Stored data ->
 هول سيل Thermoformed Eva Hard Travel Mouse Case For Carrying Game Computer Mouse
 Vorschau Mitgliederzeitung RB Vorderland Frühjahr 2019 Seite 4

* * *

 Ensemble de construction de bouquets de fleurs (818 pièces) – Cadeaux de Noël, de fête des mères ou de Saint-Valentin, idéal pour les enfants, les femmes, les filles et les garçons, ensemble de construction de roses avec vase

Required work ->
An exact copy of the lines above between the line holding "هول سيل Thermoformed" and the line holding "Vorschau Mitgliederzeitung RB", inclusive, is the whole answer.

Task solution ->
 هول سيل Thermoformed Eva Hard Travel Mouse Case For Carrying Game Computer Mouse
 Vorschau Mitgliederzeitung RB Vorderland Frühjahr 2019 Seite 4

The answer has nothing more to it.